- _Instructions to follow_:
Return the entries below word for word; no images should appear in the copy.
[[ The input open ]]
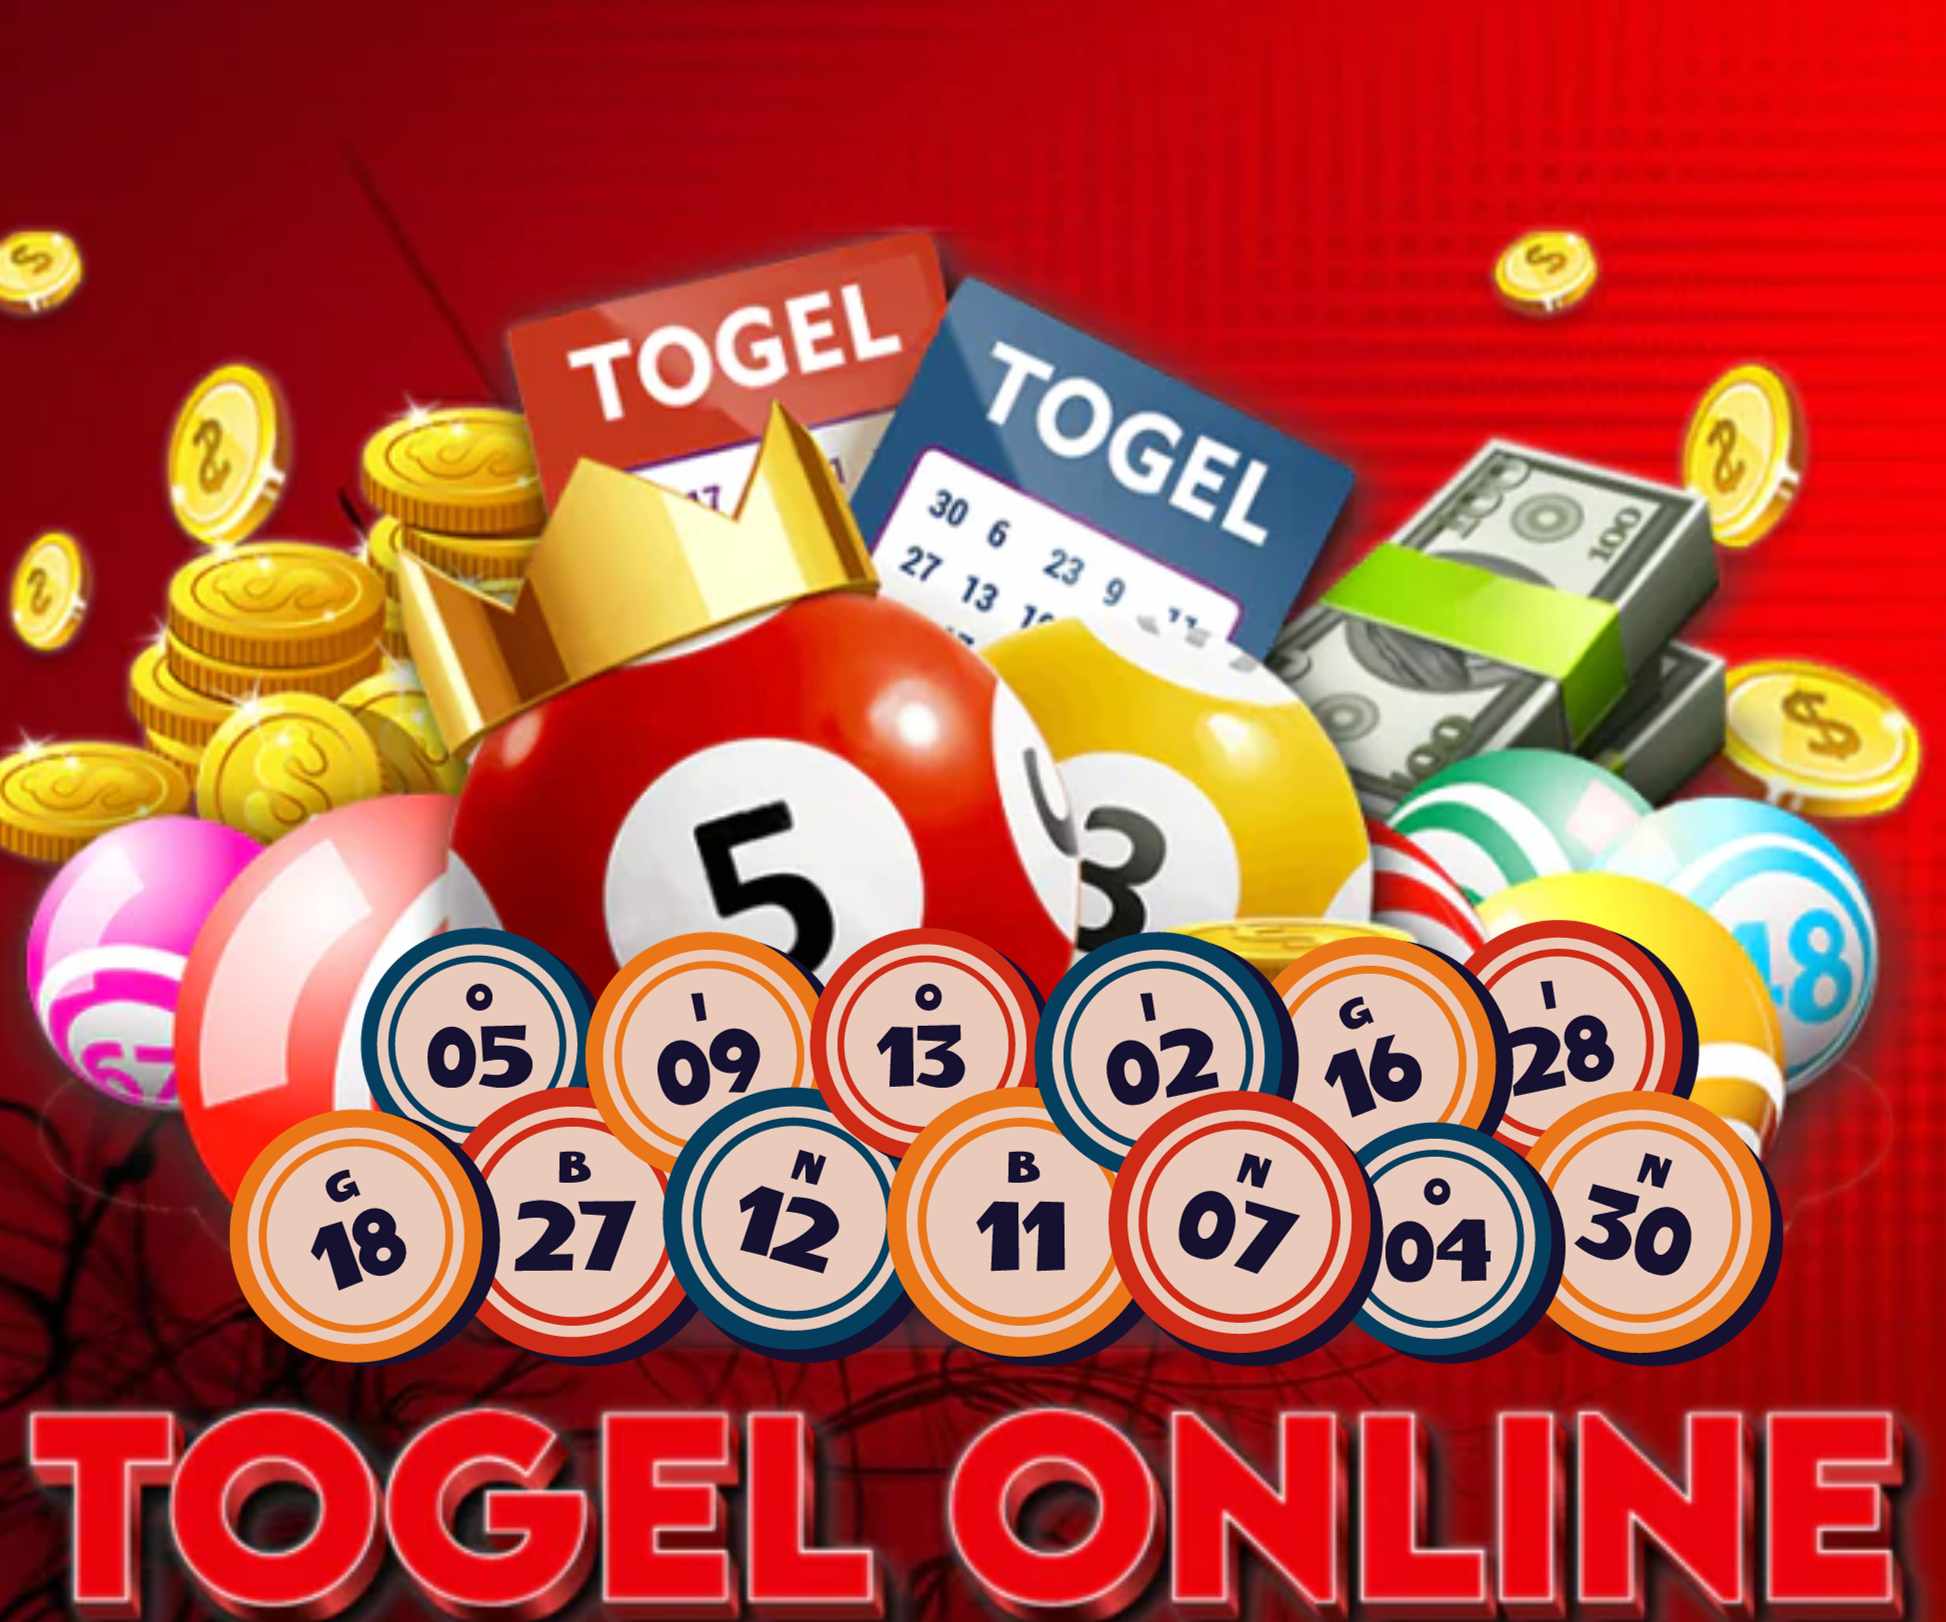 Togel is a popular game that tests luck
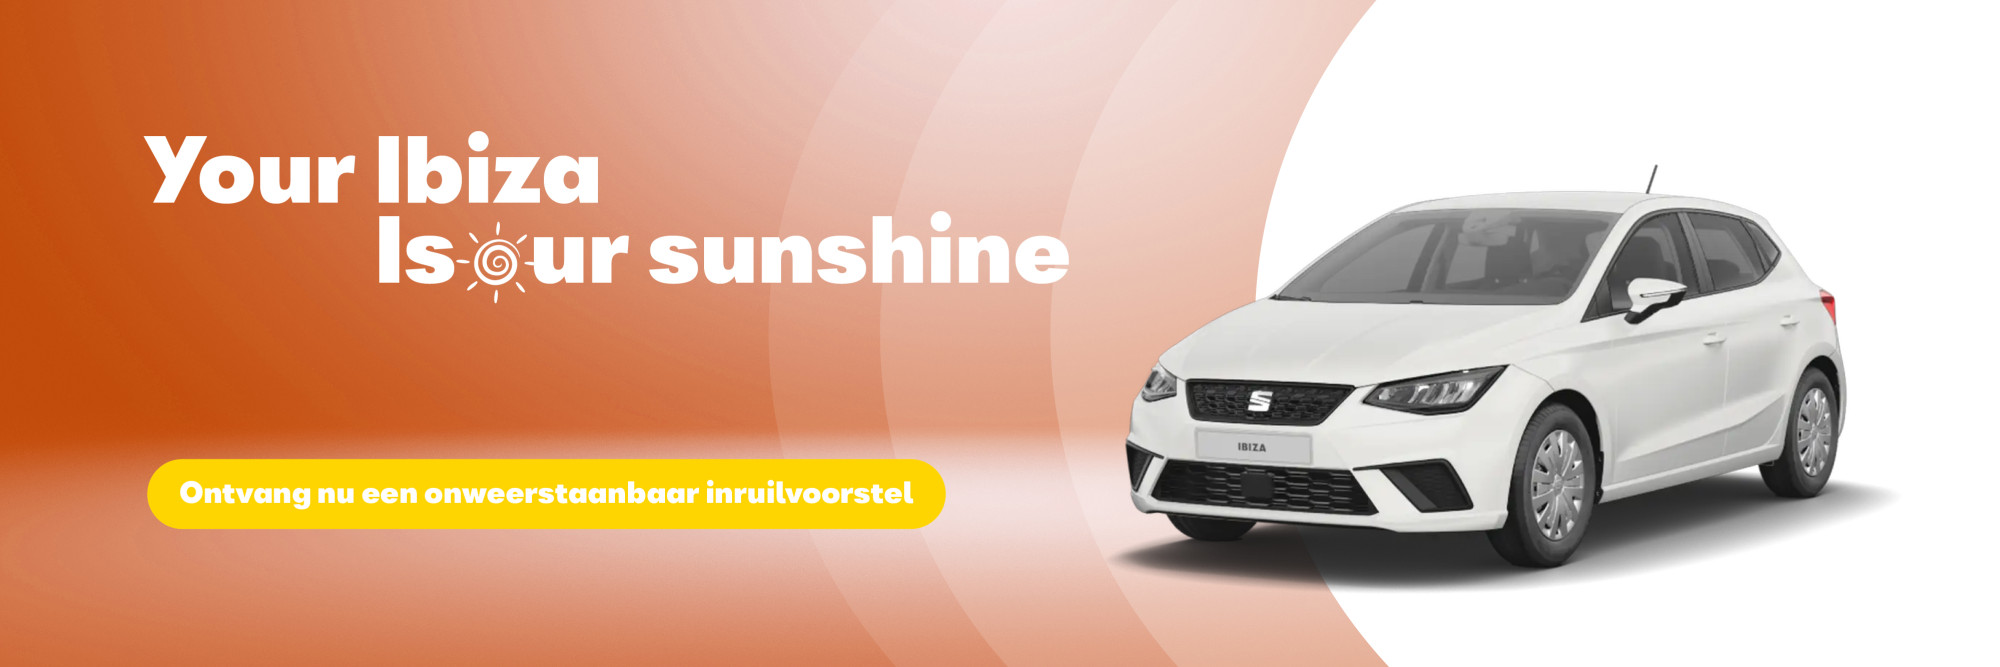 Hero Your car is our sunshineseat
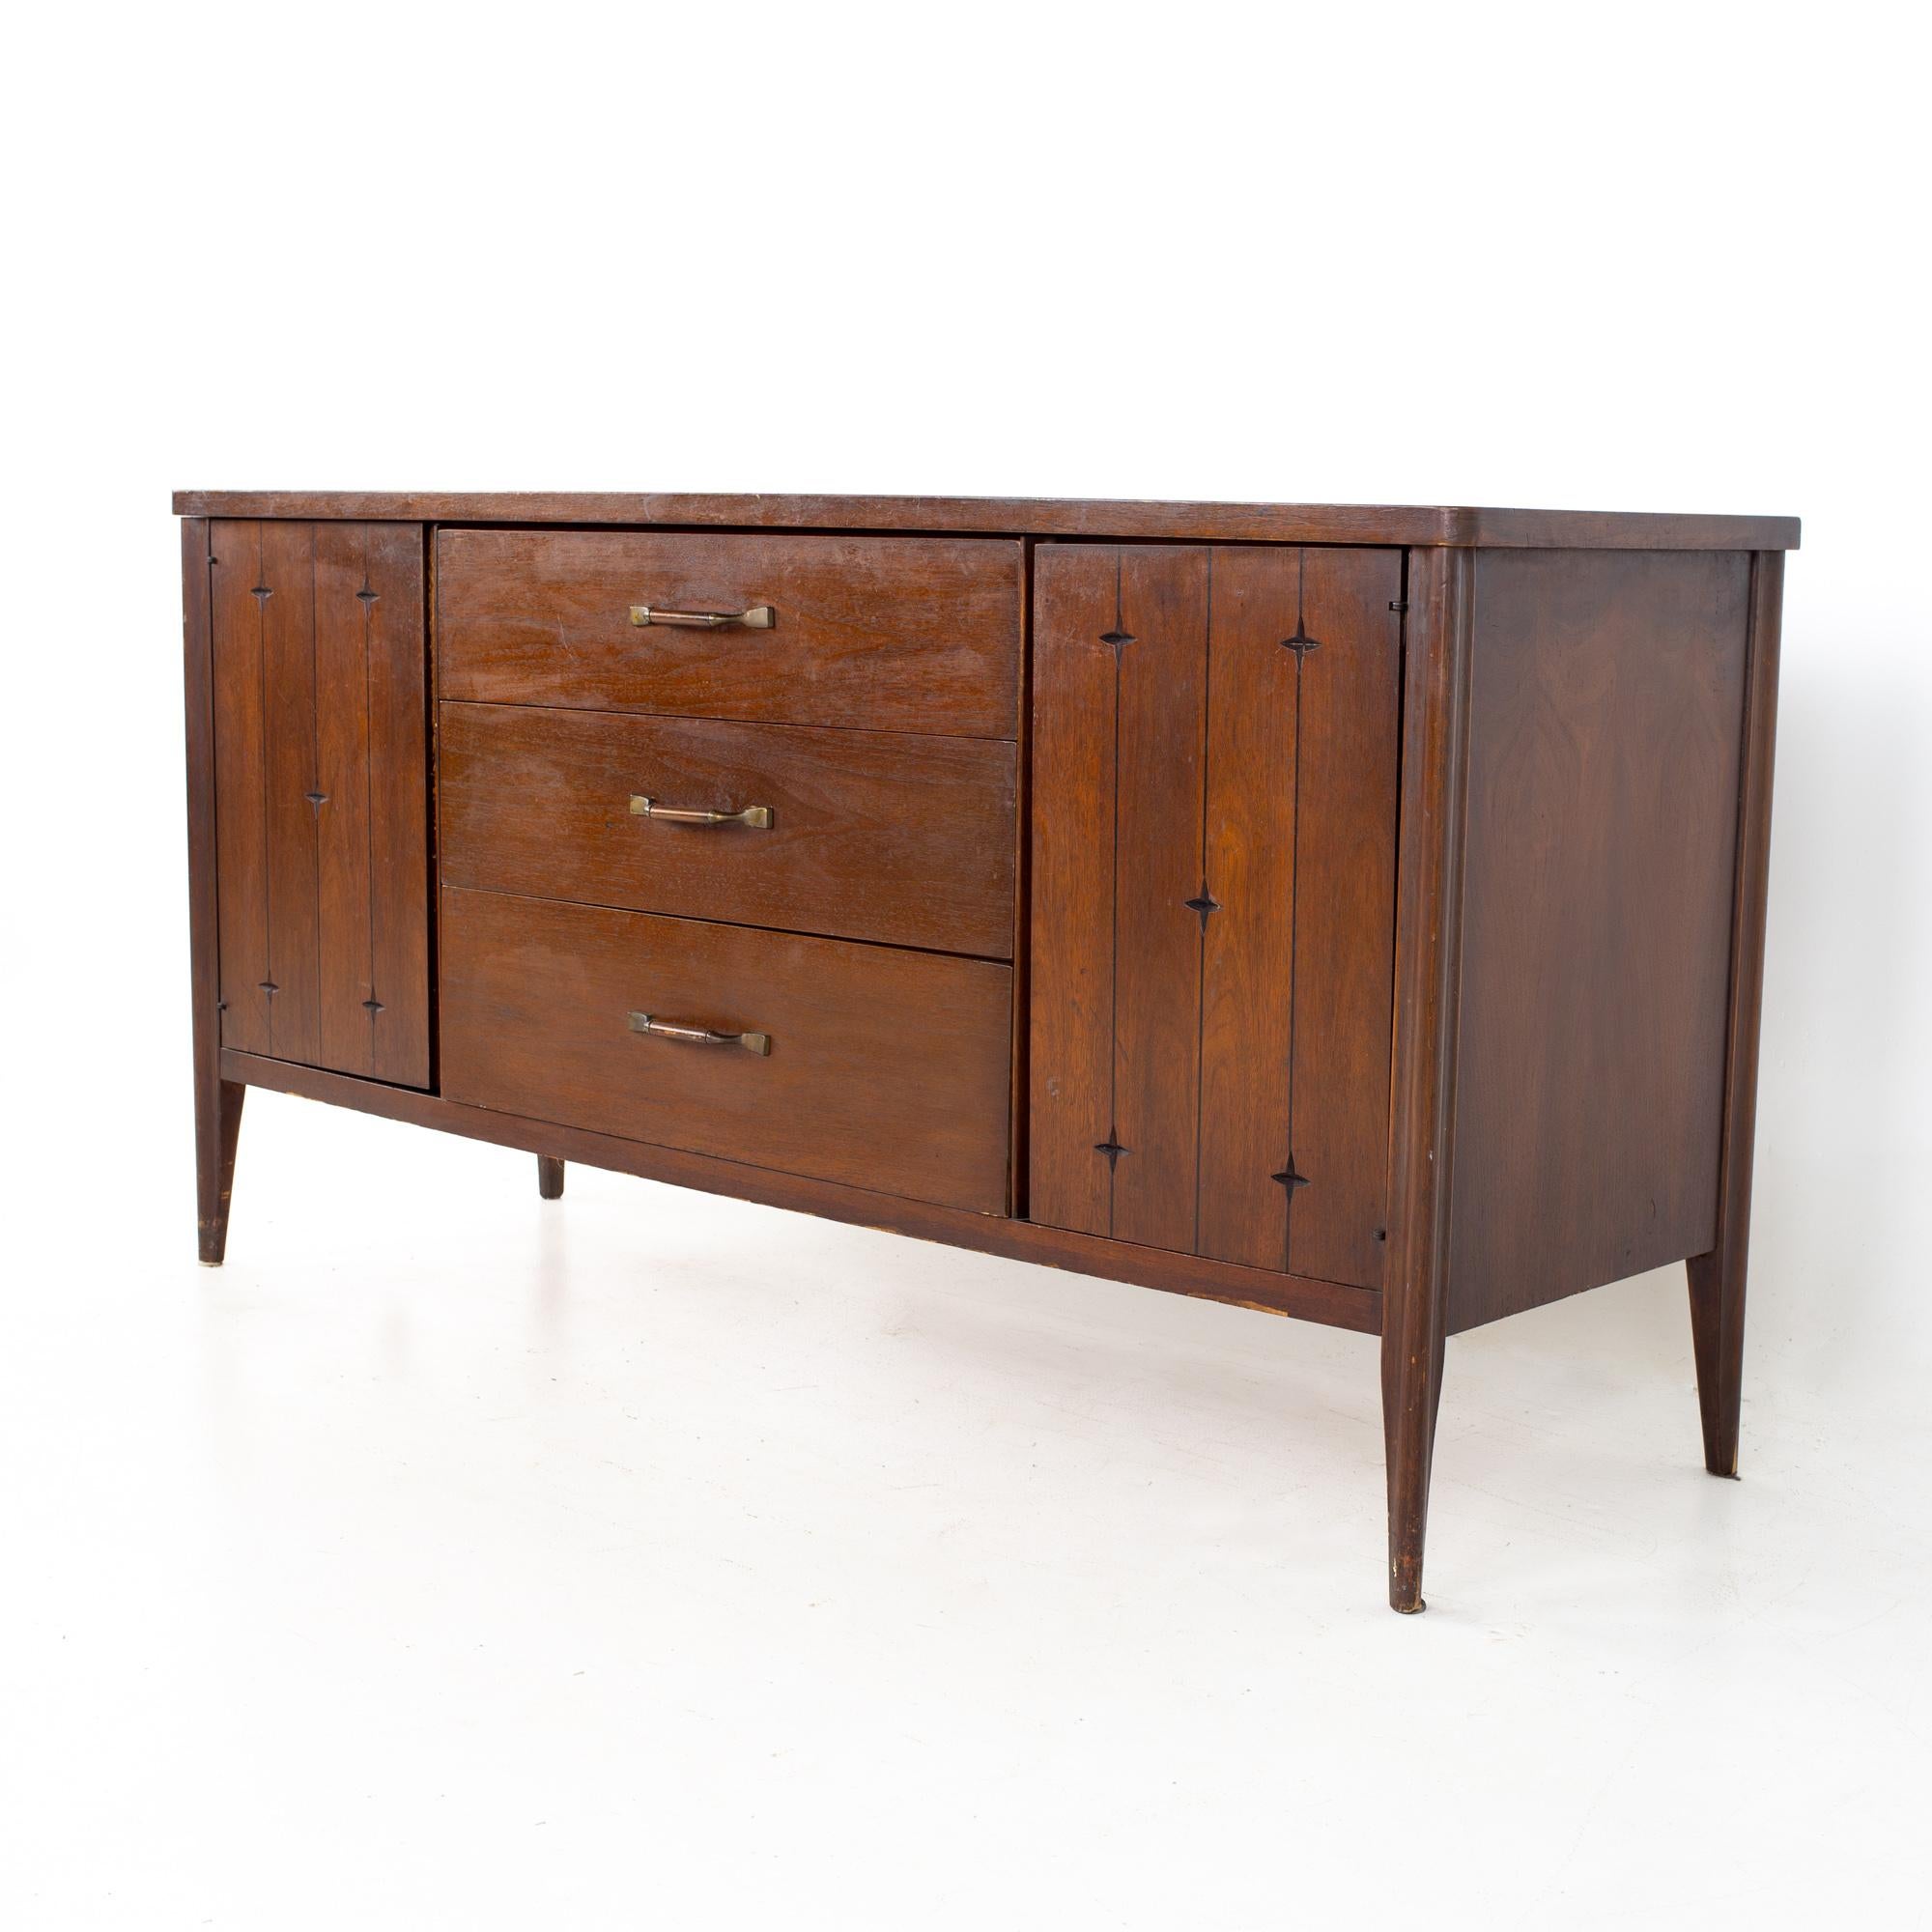 Broyhill Saga mid century walnut sideboard buffet credenza
Credenza measures: 60.75 wide x 19.25 deep x 31 inches high

All pieces of furniture can be had in what we call restored vintage condition. That means the piece is restored upon purchase
[[ The input closed ]]
- _Task output_:
 Togel is a popular game that tests luck
 Hero Your car is our sunshineseat
 Broyhill Saga mid century walnut sideboard buffet credenza
Credenza measures: 60.75 wide x 19.25 deep x 31 inches high

All pieces of furniture can be had in what we call restored vintage condition. That means the piece is restored upon purchase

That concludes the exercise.